Did he try to take the ring so soon because Galadriel awoke the desire in him, or did he set out intending to take the Ring by force if it were not taken to Gondor willingly?


----------



## Niniel

I think she just saw what would happen. Boromir knew the Ring was a powerful weapon and wanted it to be used by Gondor before it happened, but he was sure that that was the way they were going, so until it became clear that Frodo wanted to take the Ring to Mordor there was no reason for Boromir to take it. Galadriel saw in Boromir's heart that he would not be able to resist the Ring, but she did not influence him to take it by making him aware of its power.


----------



## Ithrynluin

Well, Galadriel just tested each of them with their own desire. Like Niniel says, Boromir realized the power of the One in Rivendell already. The fact that he tried to snatch the Ring from Frodo at Parth Galen has simply to do with the Ring's proximity to Boromir. The ring 'calls' to everyone, tempting them to take it and projecting images of greatness and power into their minds. Boromir was just the first (and only) one to fall to its lure.


----------



## Eledhwen

I think Boromir was fully aware of the Ring's power after his stay in Rivendell, and I agree with Niniel - Boromir could delay persuading Frodo to hand him the Ring for Gondor's sake until they got there, so he did not conciously entertain any thoughts on the matter until Galadriel showed him his heart. It seemed to me that of the whole fellowship, Boromir reacted least favourably to the experience.
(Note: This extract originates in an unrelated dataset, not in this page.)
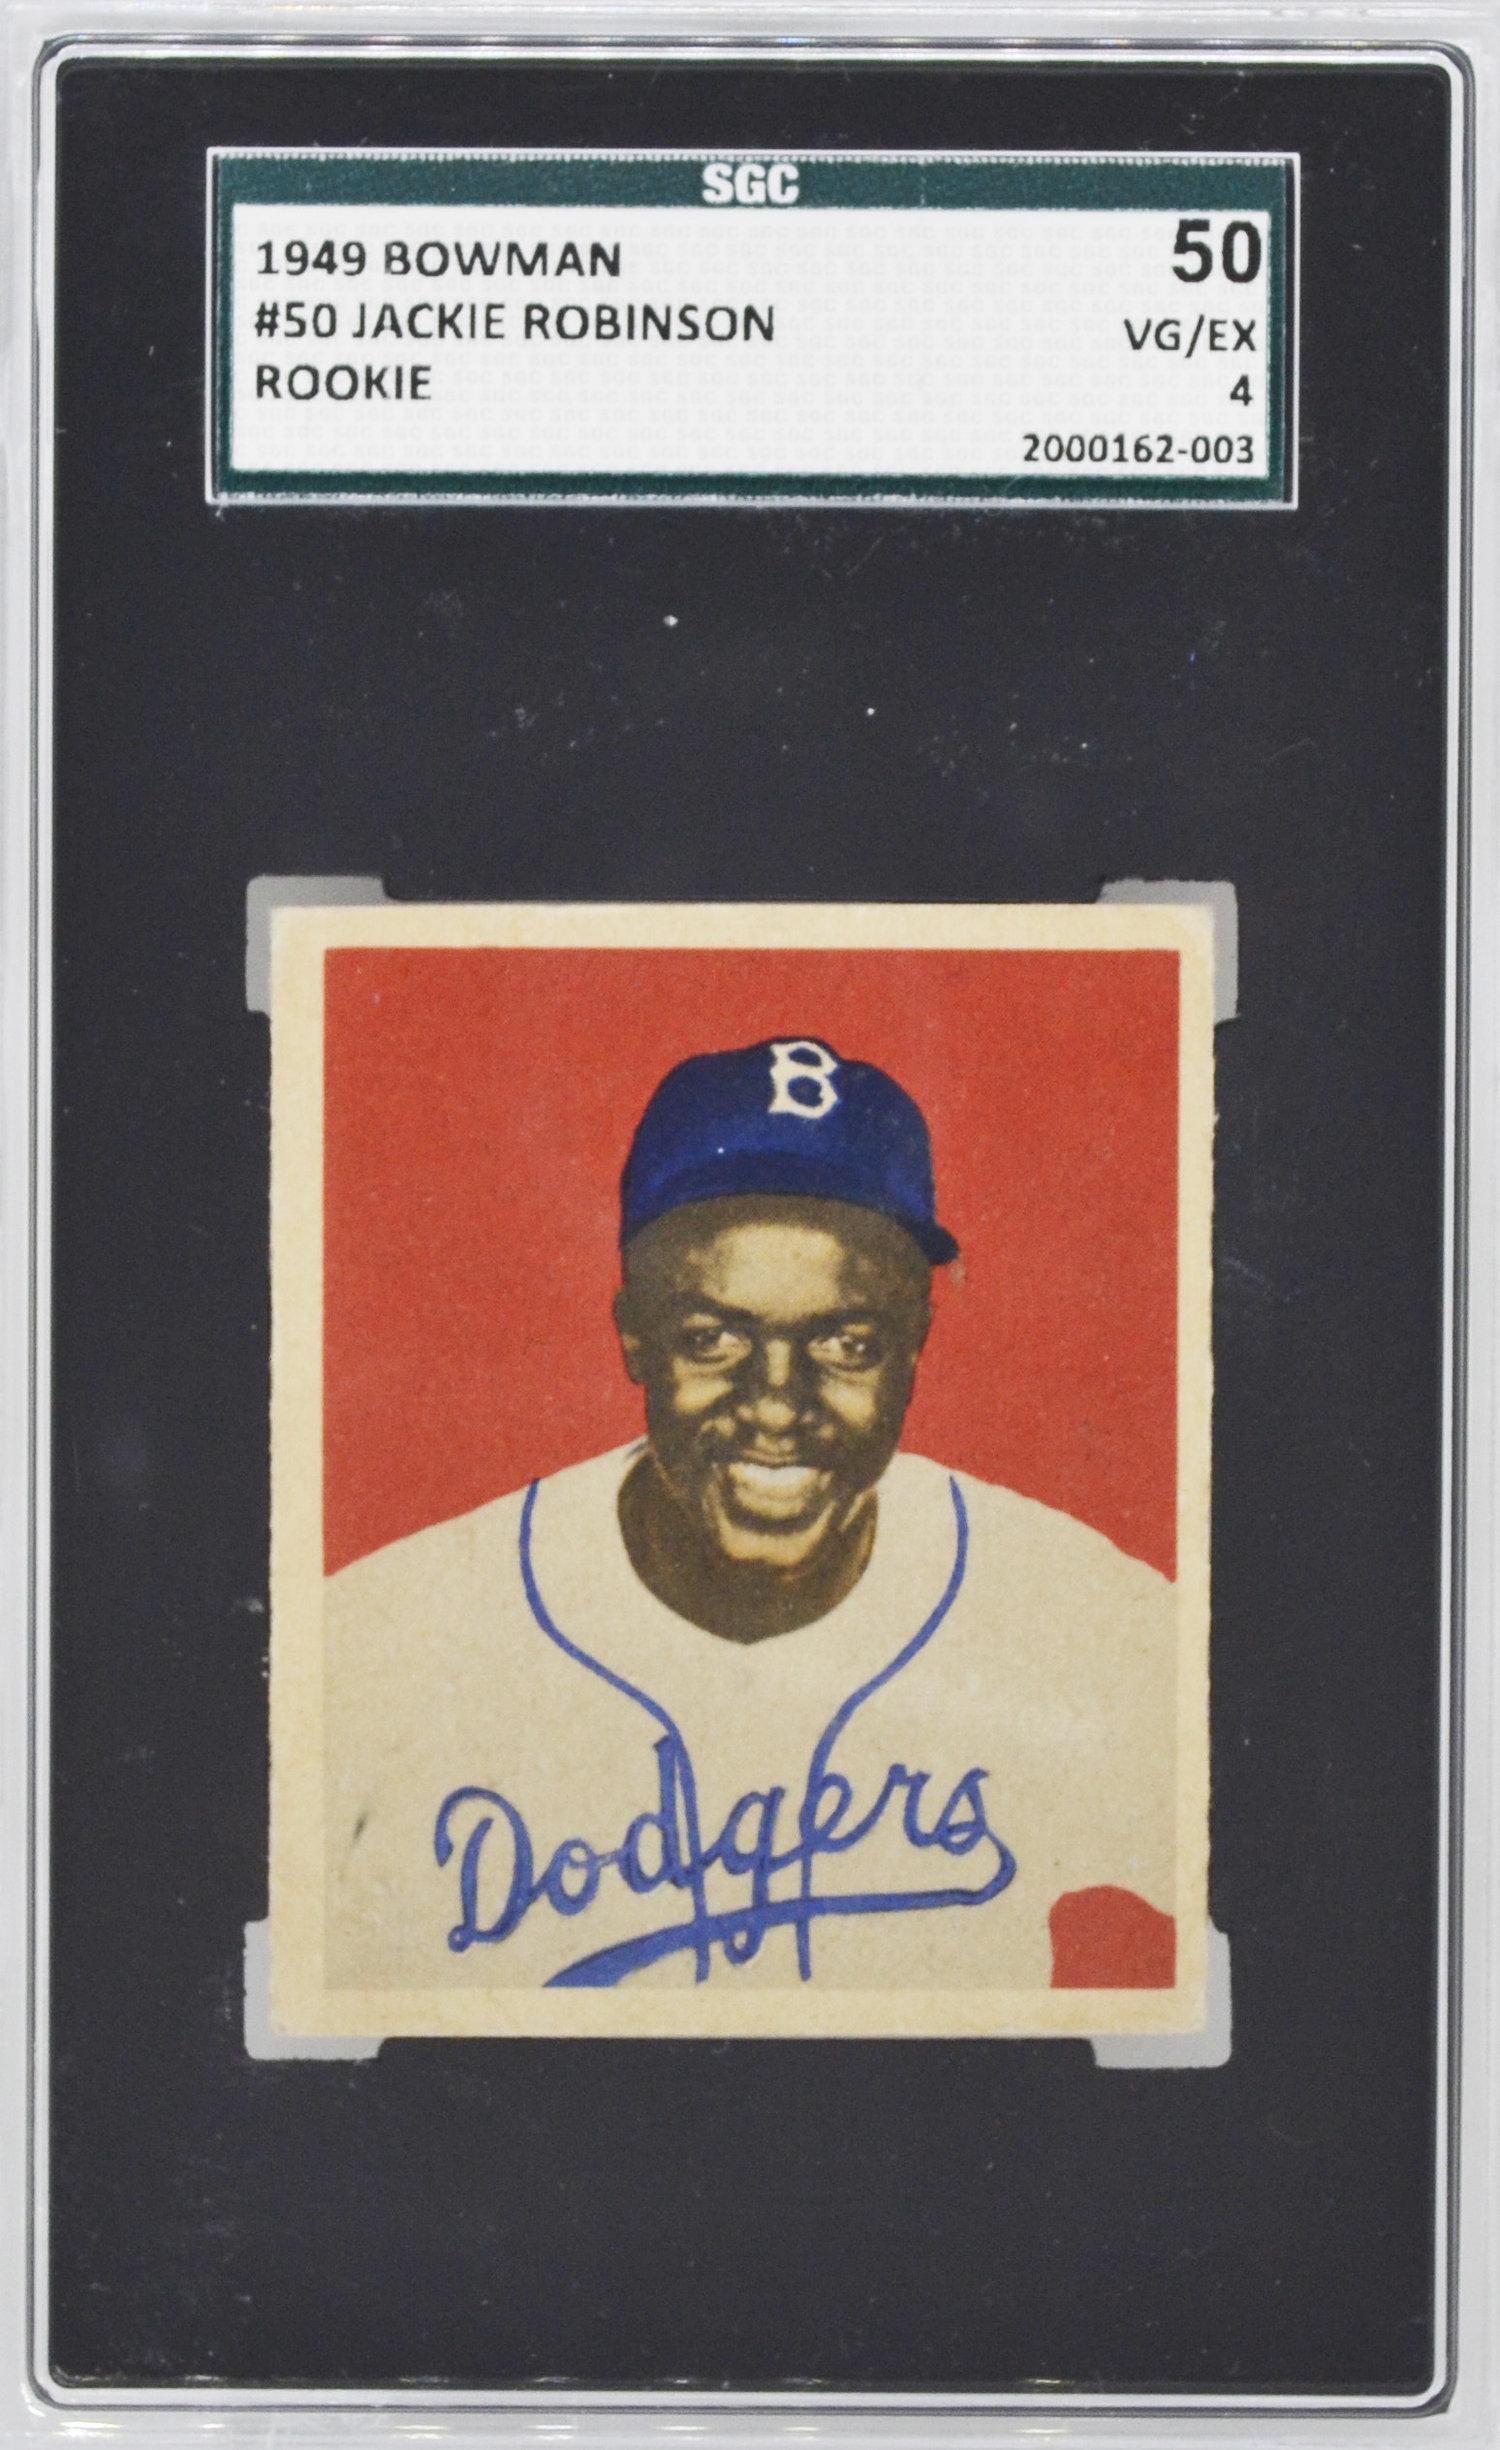 Jackie Robinson 1948 Leaf Vs 1949 Bowman Top Sports Cards
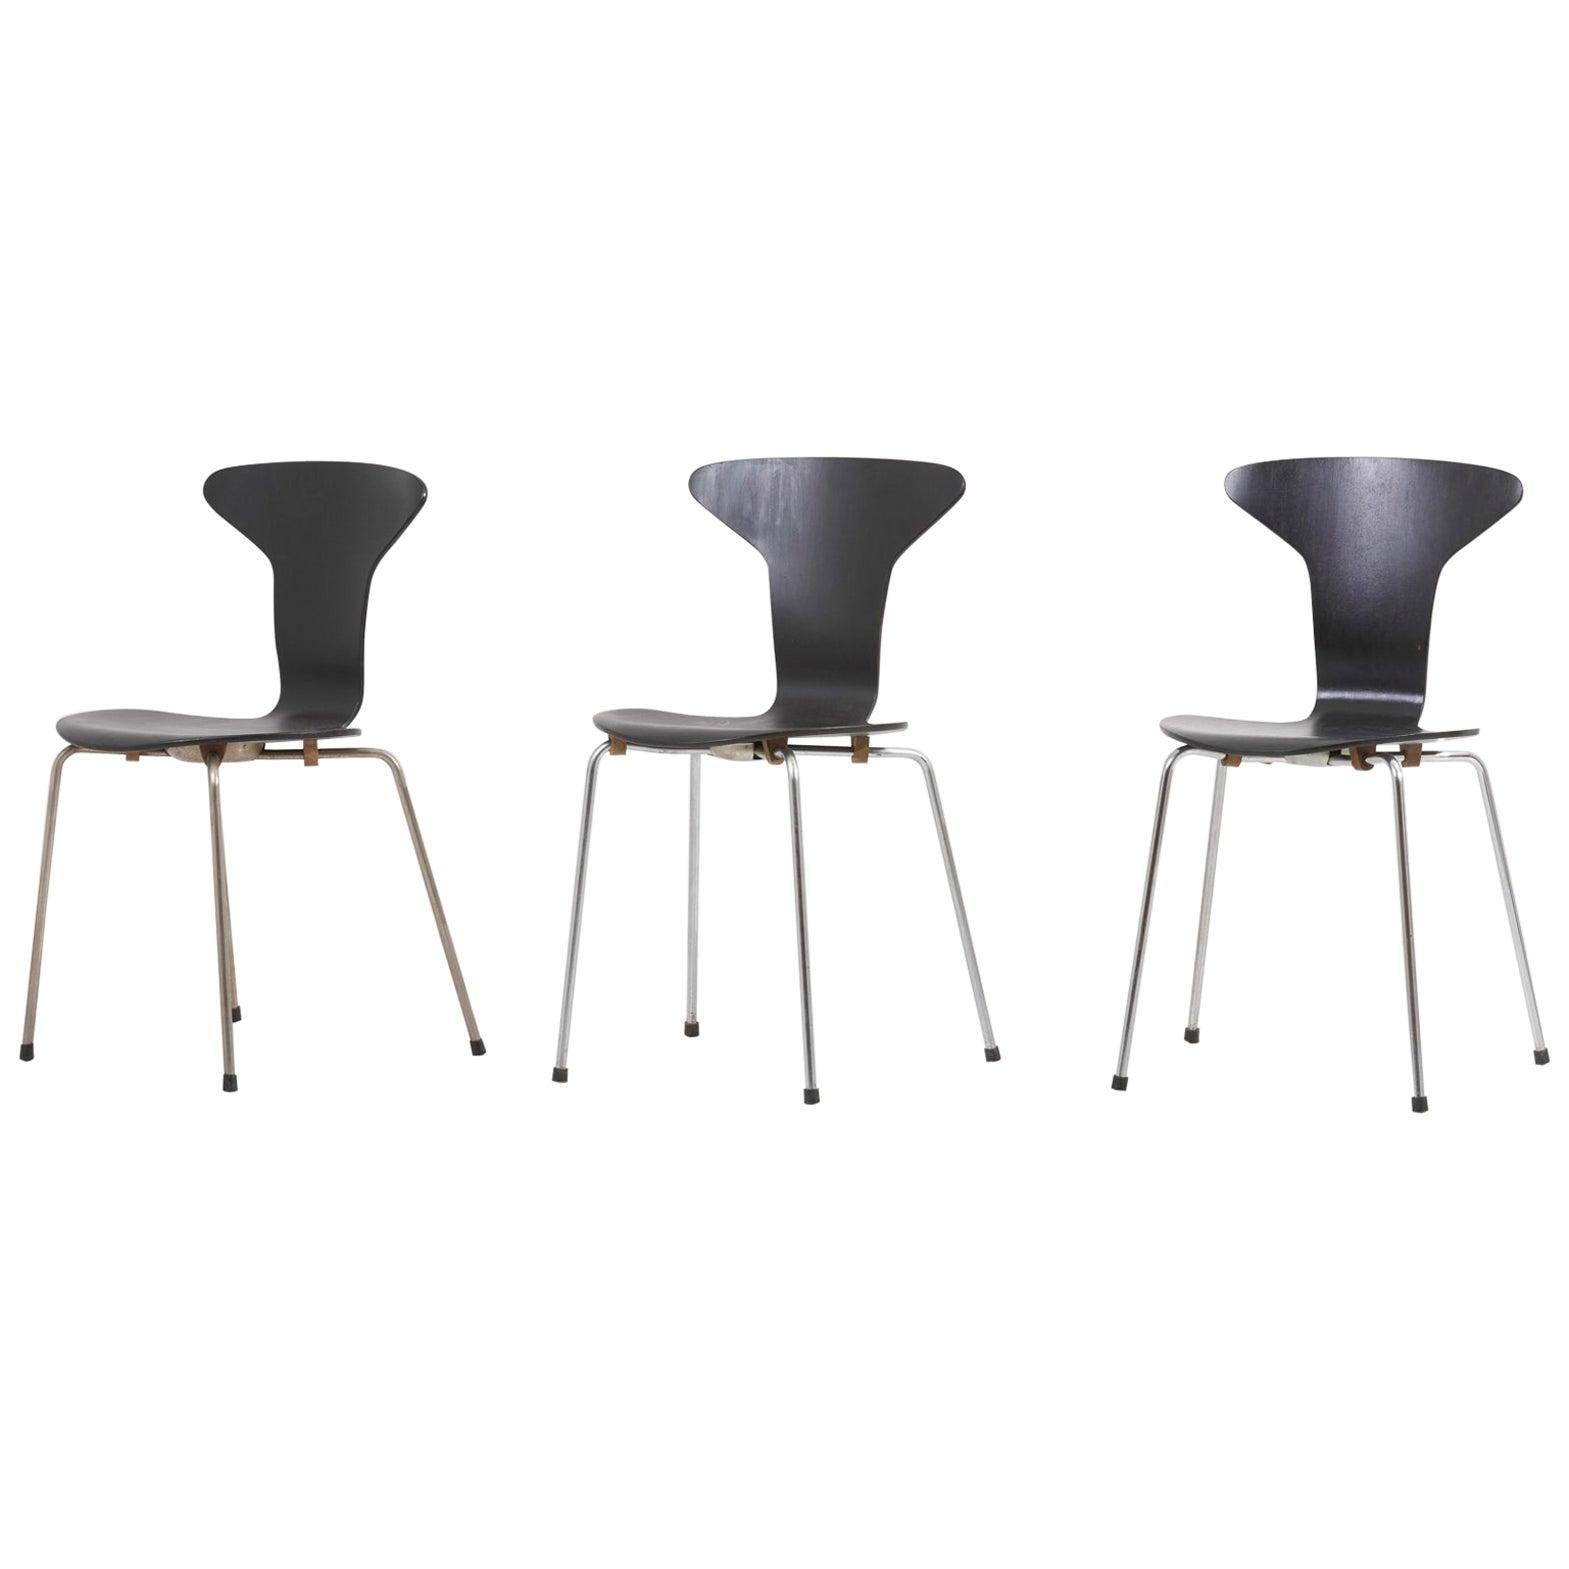 Set of 3 Mosquito Munkegård Dining Chairs by Arne Jacobsen, Denmark, 1950s

If Faramir had gone to Imladris instead, I wonder who would have been the first to try to take the Ring?


----------



## ltas

And if Galadriel saw such strong desire after the ring in Boromir why didn't he warn Aragorn or Frodo about it?


----------



## Beyond Wisdom

You are all right, perhaps, in the book it clearly explains this, Galadriel told Boromir of the downfall of Gondor in his mind, but that there was hope if there was power to defend it, and that weighed heavily on him, until he thought, that with the ring, he would have the power to protect Gondor, so the fact that he went after the ring, was the same reason frodo could not give it to Gandalf or anyone else to take in his stead, for they would use the ring, with the desire to do good, but in the end, having this extreme power would corrupt them, turning them evil, creating...well... a new sauron, or someone to take his place.
So Boromir only desired the ring to help his people, but men are weak and he could not resist the desire, and Galadriel knew this.
Boromir was not bad, as many think, he was just simply a man, and they desire power, Tolkien tries to express this many times, Boromir was as loyal a member of the fellowship as they all were, just after Lorien, the thoughts of his family and country became to much for him, and he desired the ring more greatly, afterward he realized his mistake and was in despair until he redeemed himself, and died, in the book, his deeds toward the ring are all but forgotten by all, even Frodo, and he is remembered as a great man.


----------



## BlackCaptain

*sniff*You sound so much like me when I first came....  
I see a bright future for you Beyond Wisdom, welcome aboard


----------



## Beyond Wisdom

Beleive me captain, I am nothing like you, for my mind far surpasses your own, but thanks for the welcome.


----------



## Gandalf White

> _Originally posted by Beyond Wisdom _
> *Beleive me captain, I am nothing like you, for my mind far surpasses your own, but thanks for the welcome. *



Uhhhh...wow.  Do you two know each other? If not......wow... 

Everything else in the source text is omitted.